Provide effective assistance of counsel includes advising the criminal defendant of any deportation risks associated with a guilty plea.

The right to effective assistance may be impaired if one lawyer represents conflicting interests of multiple defendants, but the joint representation of co-defendants is not a per se denial of the 6th amendment. In this area, the defendant must prove 1 of 3 things.
1. that an actual conflict of interest existed, 2. the defendant did not effectively waive the conflict, or 3. the conflict adversely affected the lawyer's performance as to the co-defendant raising the conflict issue.

A testifying defendant's right to counsel requires what?
That he be allowed to consult with his lawyer during an overnight recess during the trial, but he has no right to counsel during a brief recess after he finished his direct testimony and just prior to his cross-examination.

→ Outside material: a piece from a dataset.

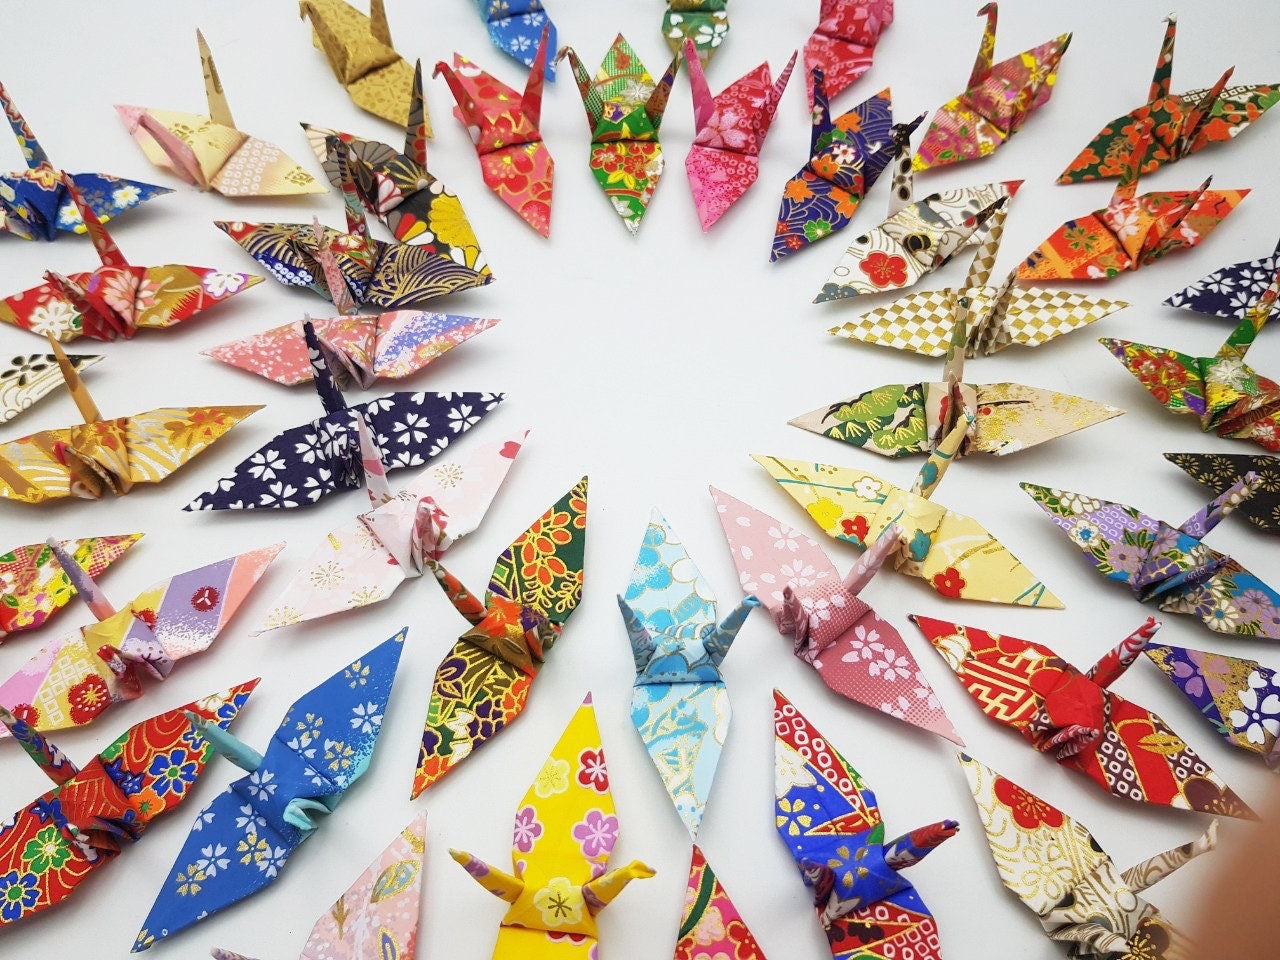 100 gru di carta origami carta Washi modelli misti gru origami realizzata con stampa giapponese 3x3 pollici carta chiyogami arte ornamento decorazione

A laywer must not assist a client in commiting a crime. If a lawyer knows that a client has committed or is about to commit perjury, she must do what?
Take reasonable remedial measures ndcluding if necessary, disclosure to the court. A lawyer may not offer or not use evidence she know is false (other than to offer a criminal defendant’s testimony at trial) and may refuse to offer evidence she believes is false, regardless of the client’s wishes. If the criminal client insists on testifying falsely, the lawyer may permit the client to testify in a narrative, but may not ask direct questions concerning the false matter in summation to the jury, and the lawyer may not refer to any perjured testimony)

When does the right to counsel attach?
The point at which this right attaches is critical because once the right attaches in NY, then the police may not interrogate the defendant outside the presence of the defendant's attorney who must witness the defendant's waiver of this right.